Nevertheless, petitioner also challenges the determination based upon a change in the DME policy guidelines. Specifically, petitioner points out that, beginning with the 2021 version of the guidelines, DOH indicated that a "signed written order" could now include a legible, validated facsimile of an original signed order and that, in such case, the original order with the wet signature would no longer be required. While not disputing that this change occurred after the audit period and did not apply to the orders in this case, petitioner claims that the policy change reveals that reliance upon the previous version of the guidelines was arbitrary and capricious. We disagree. In keeping with the goal of Medicaid fraud prevention, both the earlier and the later versions of the guidelines implemented certain safeguards pertaining to the use of faxed orders. While the earlier guidelines achieved that goal by requiring the original order with wet signature, the later guidelines removed that condition but added requirements that the fax be legible and that the provider take certain steps to validate the order and the practitioner's identity. Neither version of the guidelines, in our view, is arbitrary or capricious, and the fact remains that petitioner did not meet the guidelines that were in place during the audit period.

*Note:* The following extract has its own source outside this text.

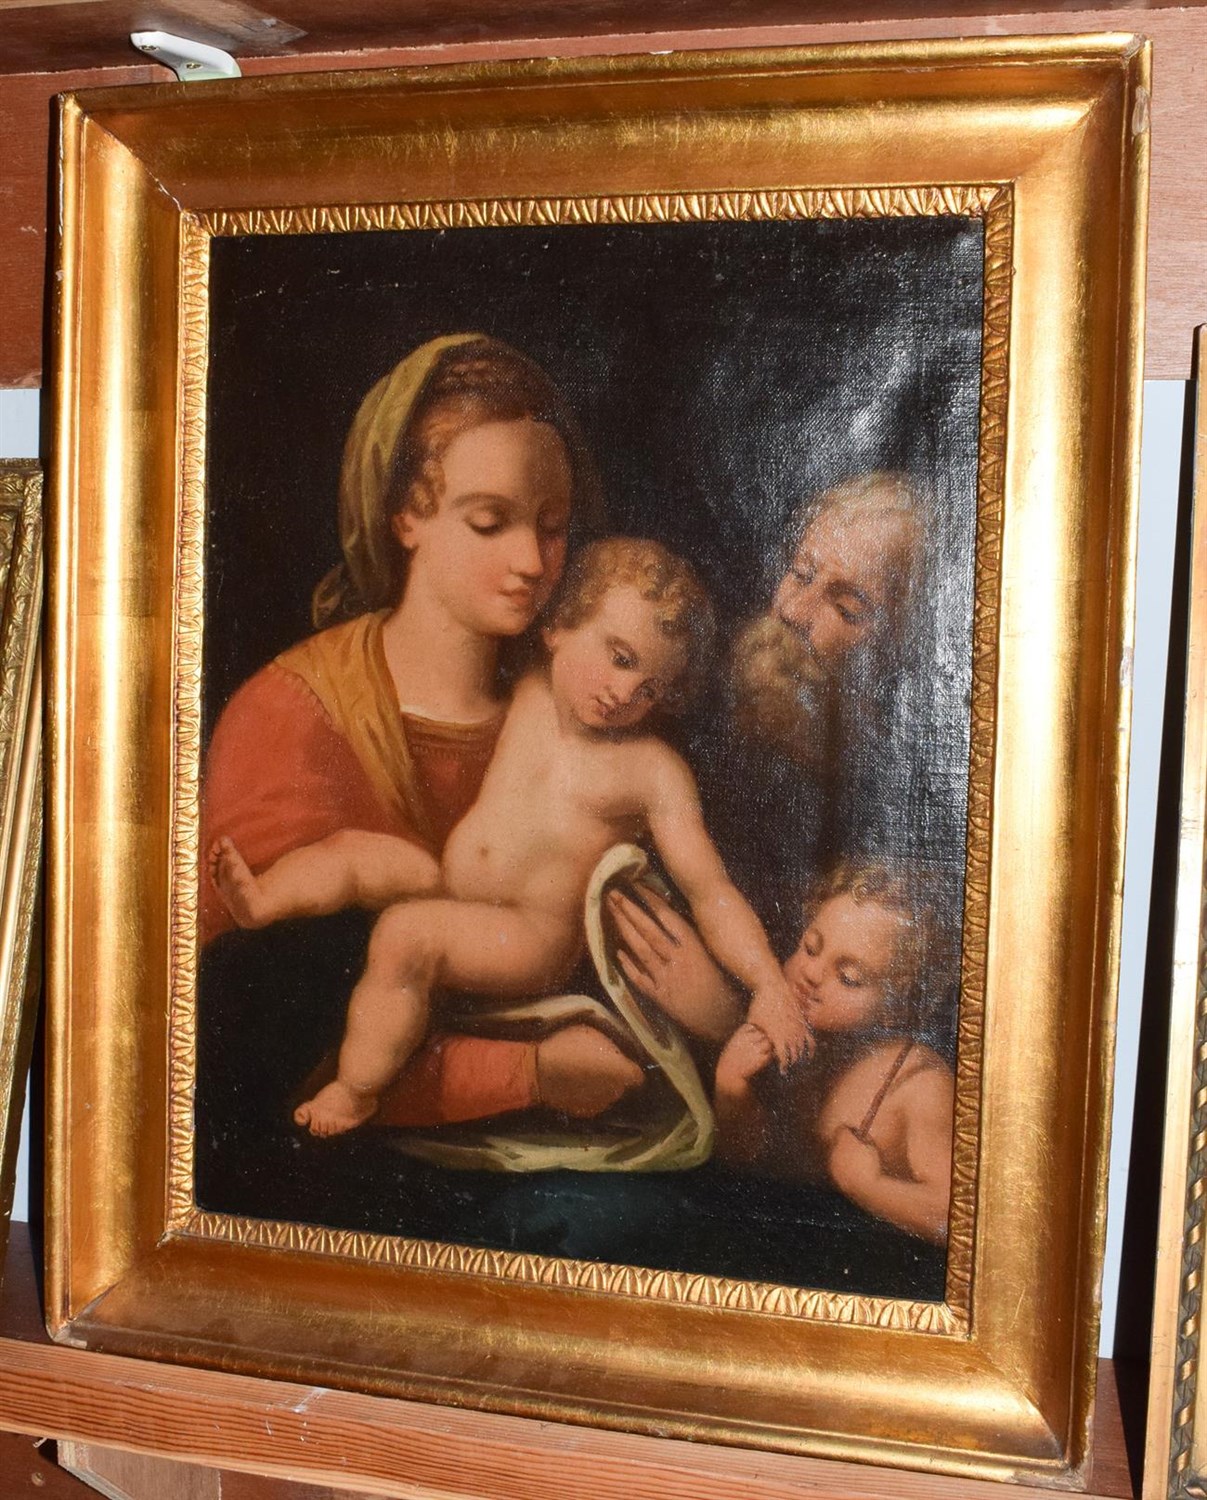 Lot 1030 - After Raphael, Holy family with St John, oil on canvas, 45cm by 35cm
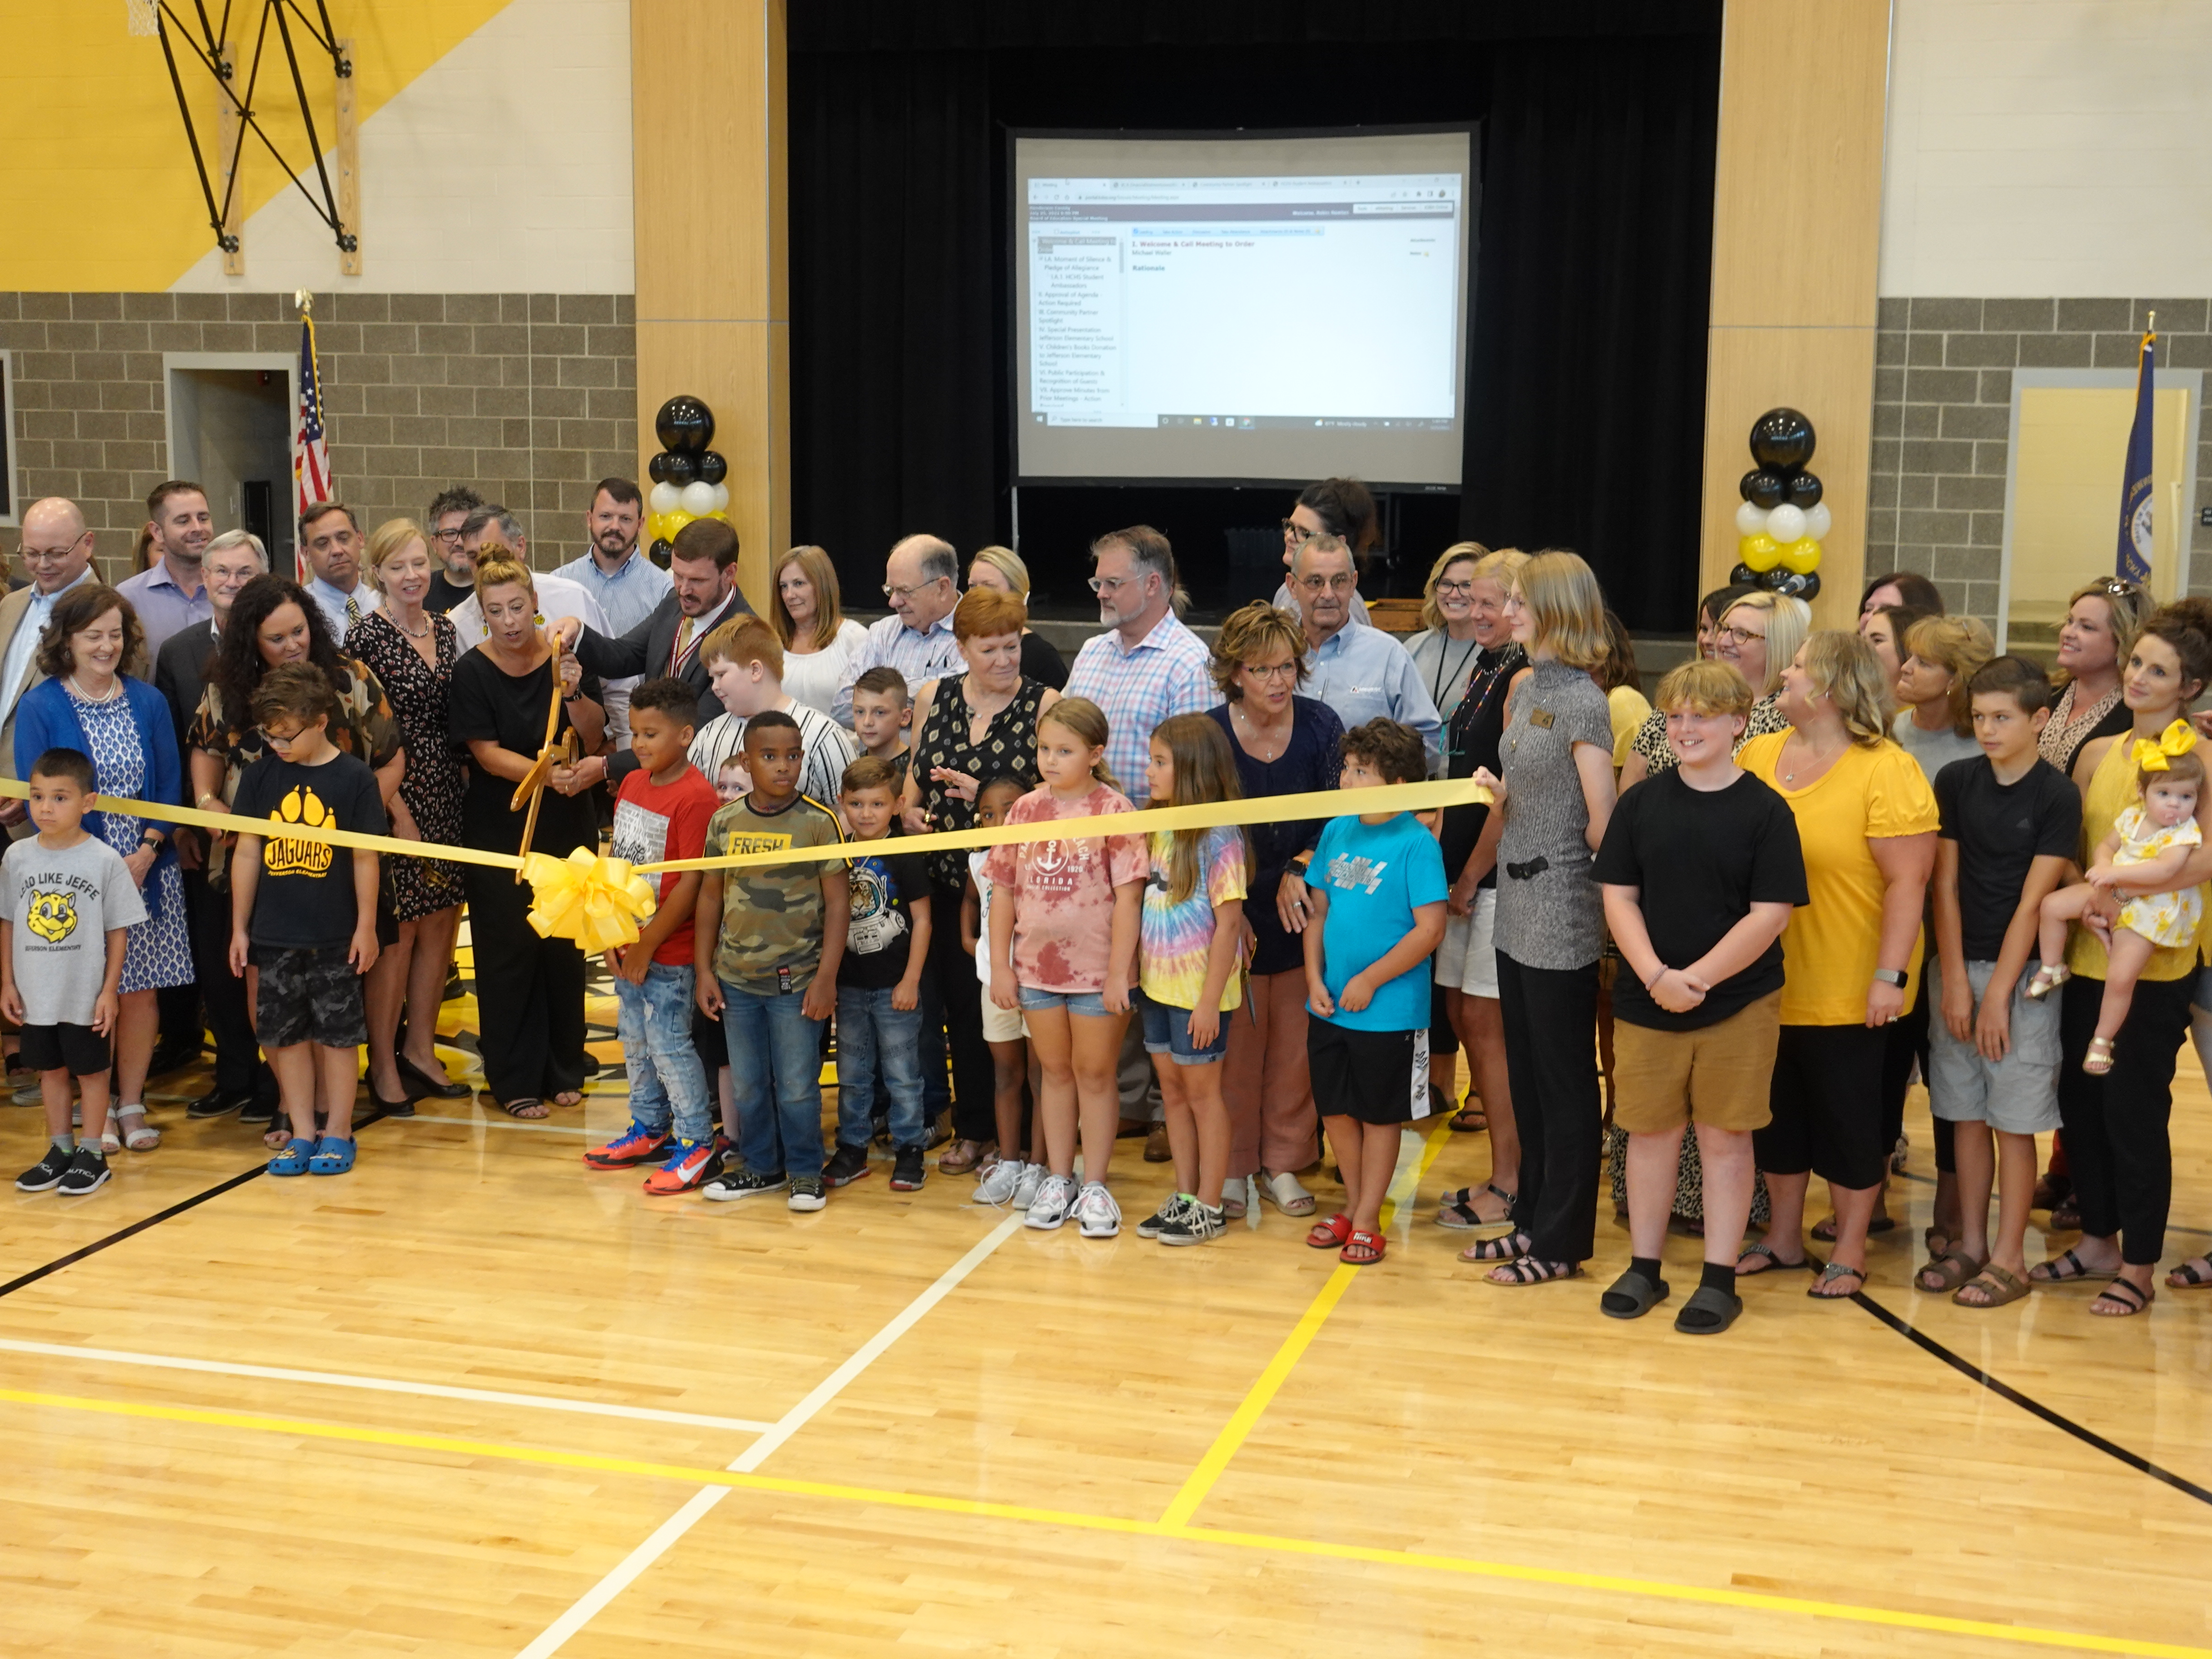 Ribbon Cutting for the new Jefferson Elementary School

Finally, we are unpersuaded by petitioner's assertion that it was unfairly subjected to a "penalty" of full reimbursement of the Medicaid overpayments despite the fact that all of the DME underlying the orders was actually provided to Medicaid recipients. "[P]etitioner's reimbursement of the unauthorized payments is not a sanction or penalty, but merely a remedy in the nature of recoupment" (Matter of A.R.E.B.A. Casriel v Novello, 298 AD2d 134, 135 [1st Dept 2002], lv denied 100 NY2d 506 [2003]; accord Matter of Harry's Nurses Registry, Inc. v New York State Off. of Medicaid Inspector Gen. [OMIG], 236 AD3d 1338, 1340 [4th Dept 2025]; see 18 NYCRR 516.3 [a] [1]). This is because "[a] Medicaid provider is liable for reimbursement of any overpayment . . . and an overpayment 'includes any amount not authorized to be paid under the medical assistance program' " (Matter of A.R.E.B.A. Casriel v Novello, 298 AD2d at 135, quoting 18 NYCRR 518.1 [c]; see Matter of Gignac v Paterson, 70 AD3d at 1312). Where, as here, a provider engages in "unacceptable practices" (18 NYCRR 518.1 [c]), defined to include "[u]nacceptable recordkeeping" (18 NYCRR 515.2 [b] [6]), OMIG "may require repayment of the amount determined to have been overpaid" (18 NYCRR 518.1 [b]). Therefore, petitioner's argument that full recoupment is improper because it is shocking to one's sense of fairness is misplaced, as that standard applies in situations where the agency has imposed a penalty (see e.g. Matter of Kelly v Safir, 96 NY2d 32, 38 [2001]; Matter of Rensselaer County Dept. of Social Servs. v McDonald, 244 AD3d 1444, 1450 [3d Dept 2025]). Petitioner's remaining contention concerning a purported due process violation has been considered and found to be lacking in merit.

Reynolds Fitzgerald, J.P., McShan, Mackey and Ryba, JJ., concur.

ADJUDGED that the determination is confirmed, without costs, and petition dismissed.